[rspec-users] it "should [action] ..." vs it with an active voice
pergesu at gmail.com
Mon Nov 12 23:56:16 EST 2007
On Nov 12, 2007 8:47 PM, Pat Maddox <pergesu at gmail.com> wrote:
> On Nov 12, 2007 7:12 PM, David Chelimsky <dchelimsky at gmail.com> wrote:
> > On Nov 12, 2007 9:03 PM, Pat Maddox <pergesu at gmail.com> wrote:
> > >
> > > On 11/12/07, David Chelimsky <dchelimsky at gmail.com> wrote:
> > > > On Nov 12, 2007 8:09 PM, Pat Maddox <pergesu at gmail.com> wrote:
> > > > > The difference is that the story is an authoritative
> > > > > spec of how the system should behave, and the description has no
> > > > > authority at all.
> > > >
> > > > I don't have that sense at all. Where do you get that from?
> > >
> > > >From the belief that the customer is the ultimate authority on what it
> > > means for the system to behave acceptably, and the fact that stories
> > > are customer-facing and specs are developer-facing.

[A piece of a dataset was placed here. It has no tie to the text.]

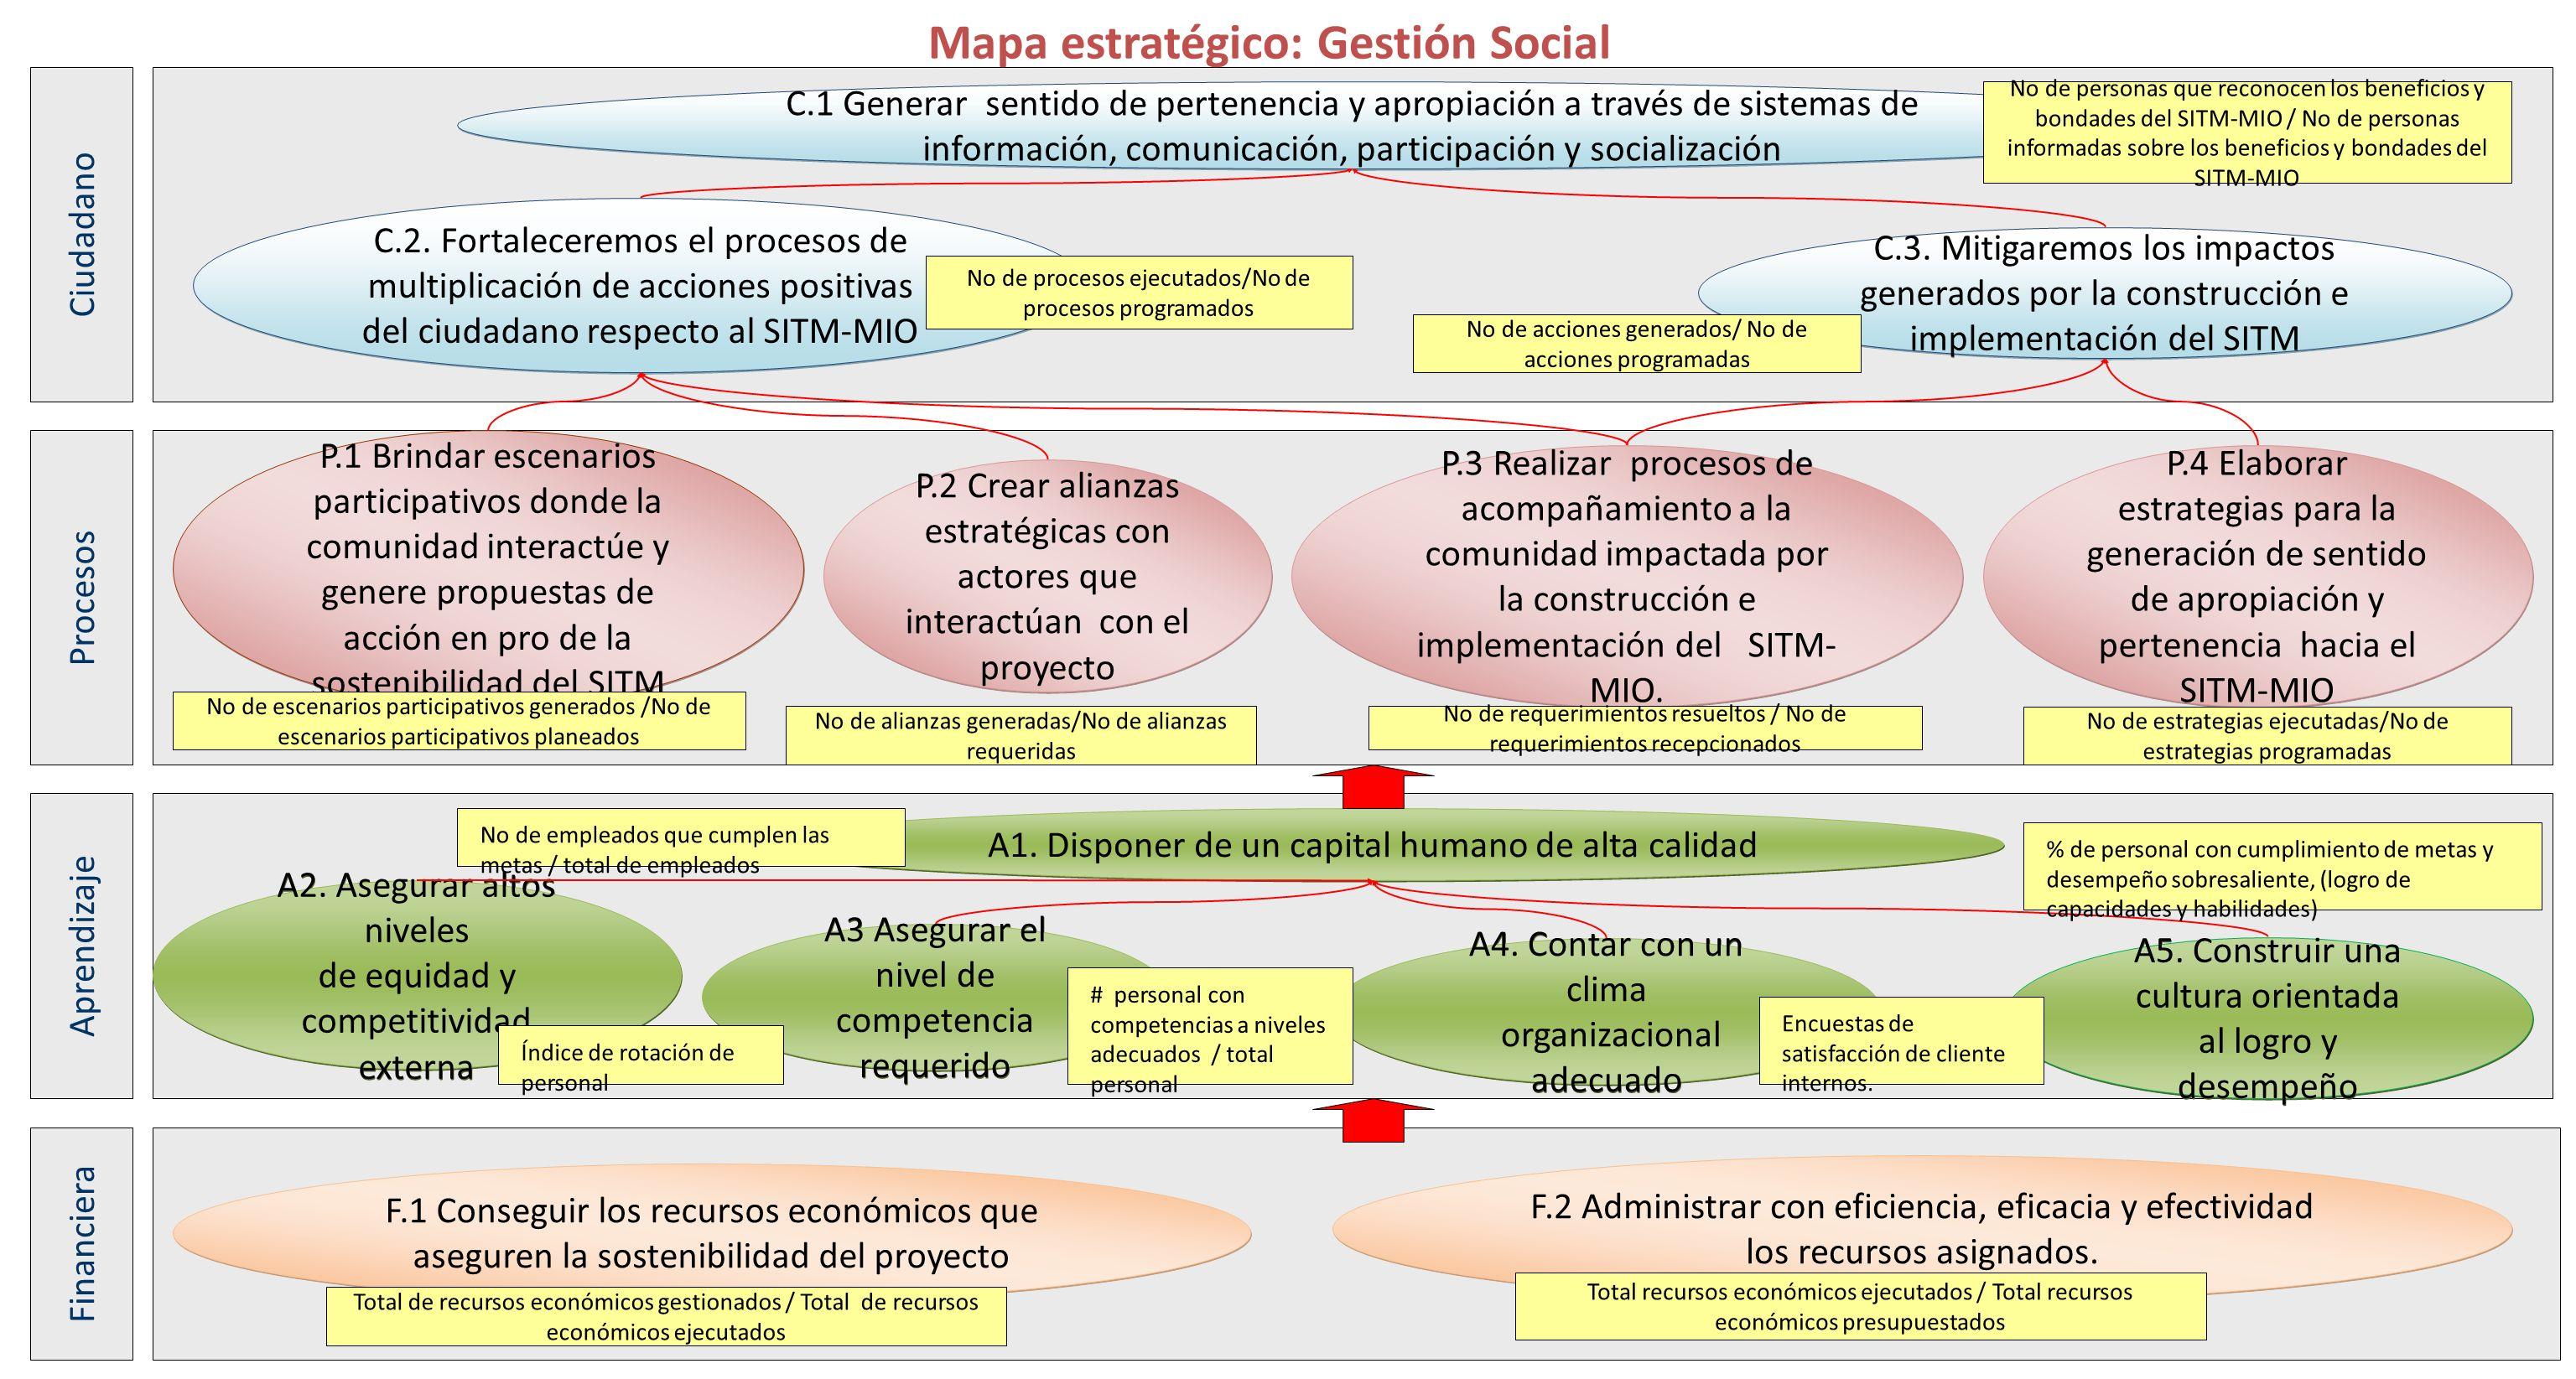 Mapa estratégico: Gestión Social P.1 Brindar escenarios participativos donde la comunidad interactúe y genere propuestas de acción en pro de la sosten

> > I totally agree that the customer is the authority - however, the
> > customer has just as much right to change her mind about a story as I
> > do about a spec! So why should stories be any more locked down than
> > specs?
> Stories represent a bridge between the customer's and the developer's
> minds, a snapshot of the shared understanding at a given point in
> time. They do not obviate the need for customer-developer
> communication. A customer should be able to change her stories as
> much as she wants, but all but the very simplest changes ought to spur
> a discussion and reevaluation of assumptions.
Also, I don't think this approach poses an obstacle to creative tools
like a Story Builder. If anything, I'd say it enhances those tools.

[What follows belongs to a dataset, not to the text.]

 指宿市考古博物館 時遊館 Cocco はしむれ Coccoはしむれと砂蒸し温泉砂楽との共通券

A customer can play with the tool and build various stories without
committing to anything, building stories and then tossing them away on
a whim. Then when she finds a few stories she likes - perhaps it's
very valuable, or 80% of the steps are already done - she can bring
them up with the developer. That would allow the customer to take a
more active role in exploring potential stories, and make more
efficient use of direct customer-developer collaboration because less
time is wasted sifting through half-hearted stories.